Не отдавая себе отчета в подобном остракизме, Бодлер, как полагается, наносил визиты академикам. Все это происходило зимой, и он являлся к ним закутанный ярко-красным шарфом из плотной ворсистой ткани. Вильмена, встретившего его более чем холодно, он так охарактеризовал матери: «Это хам и глупец, претенциозная обезьяна» и добавил, что тот «дорого заплатит» за такой прием. Жан Вьенне, которому тогда было восемьдесят четыре года, показался ему похожим на смехотворное привидение, упрямо повторявшее: «Существует только пять жанров литературы, сударь: трагедия, комедия, эпическая поэзия, сатира и мимолетная поэзия, куда относятся басни, в которых я большой мастер». Эрнест Легуве банальными фразами декорировал полное безразличие к новому кандидату. Франсуа Понсар оказался недоступен, несмотря на то, что Асселино и направил ему предварительно благожелательную записку. Сен-Марк Жирарден не ответил на письмо Бодлера с просьбой принять его. Мериме, которым Бодлер так восхищался, ответил отказом. Были и другие более или менее вежливые отказы принять его.
Двадцатого декабря 1861 года Бодлер писал Арсену Уссе: «До меня дошел слух, что, поскольку моя кандидатура воспринята как оскорбление Академии, то кое-кто из этих господ решил, что им невозможно встречаться со мною.

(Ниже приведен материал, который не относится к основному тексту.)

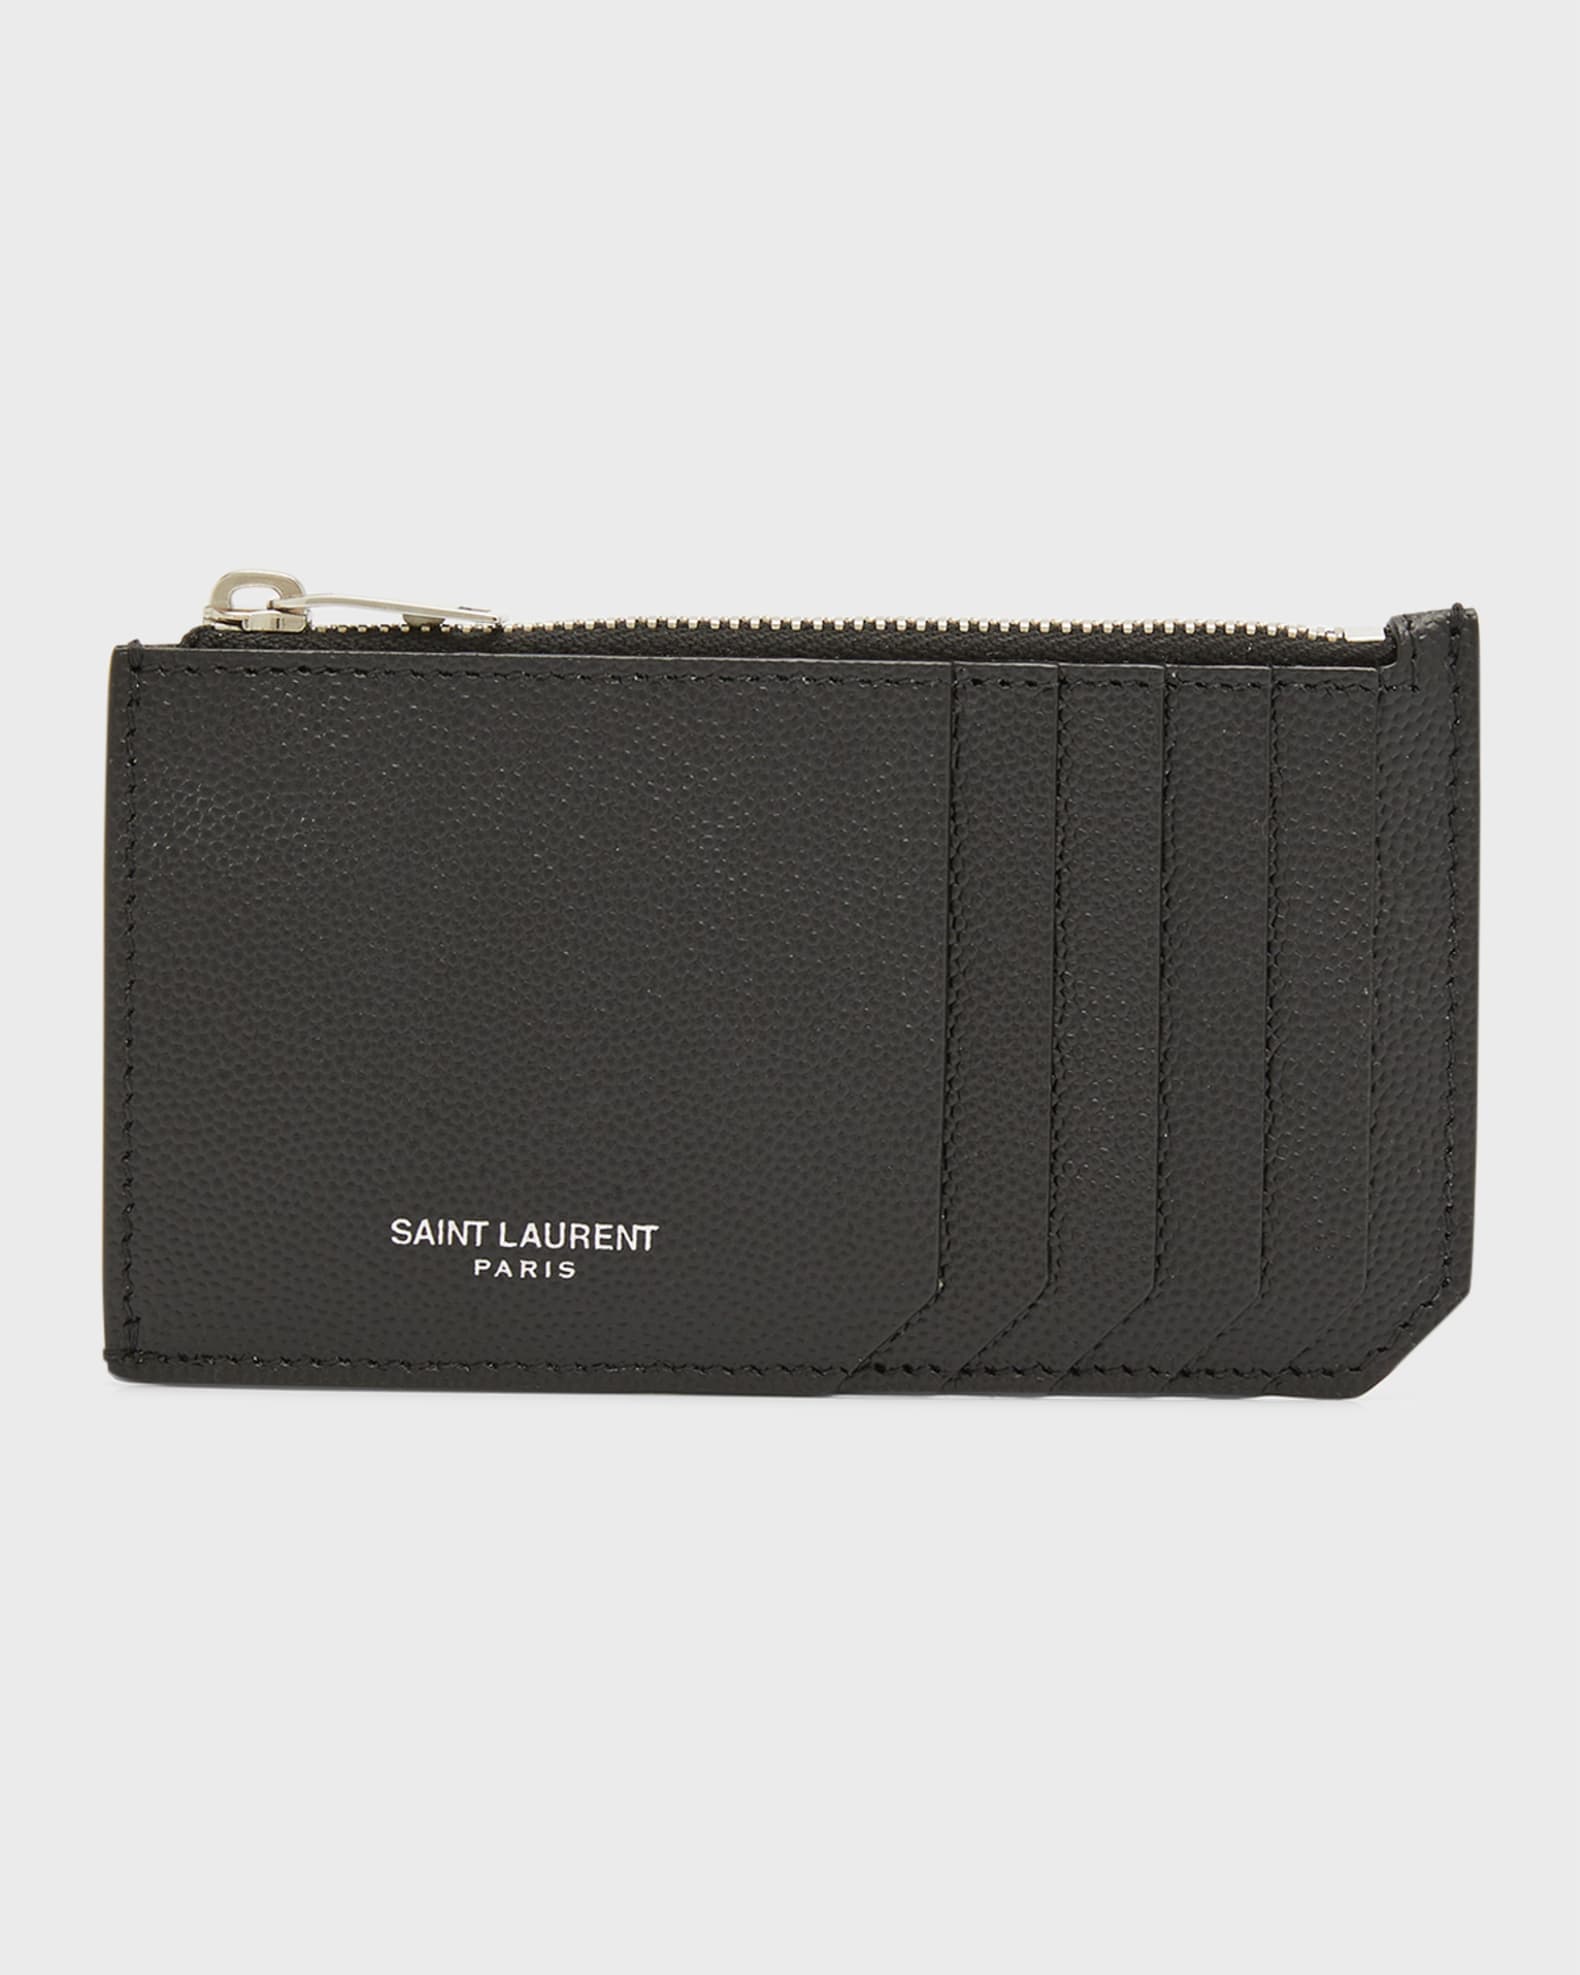 Saint Laurent Men's Zip Wallet

Но это же слишком фантастично, чтобы быть правдой». Однако в его положении и в ту пору это было более чем «возможно», это было неизбежно. В азарте преодоления препятствий, нагромоздившихся на его пути, Бодлер обратился к Флоберу, который поддерживал дружеские отношения с Жюлем Сандо. Флобер выполнил просьбу: «Кандидат просит меня сказать Вам, „что я думаю о нём“. Вы, должно быть, знаете его произведения. Что до меня, то, разумеется, если бы я был членом почтенного собрания, я хотел бы видеть его между Вильменом и Низаром! Вот это была бы картина! Сделайте же это! Выберите его! Это будет прекрасно». В тот же день он сообщил Бодлеру, что выполнил его просьбу: «Первейший долг друга — оказать услугу товарищу. Так что, ничего не поняв в Вашем письме, я написал Жюлю Сандо, умоляя его проголосовать за Вас. Но, похоже, его голос уже кому-то обещан? Мне хочется задать Вам столько вопросов, и удивление мое было так велико, что мне не хватило бы и тома, чтобы выразить все это». А в постскриптуме добавил: «Несчастный! Вы хотите, чтобы купол Академии обрушился?» На что Бодлер с гордостью ответил: «Я веду себя, как упрямец, и не раскаиваюсь в этом. Даже если за меня не подадут ни одного голоса, я не пожалею о содеянном […] Неужели Вы не догадались, что Бодлер — это значит Огюст Барбье, Теофиль Готье, Банвиль, Флобер, Леконт де Лиль, то есть чистая литература? Несколько друзей сразу поняли это и выразили мне свою симпатию».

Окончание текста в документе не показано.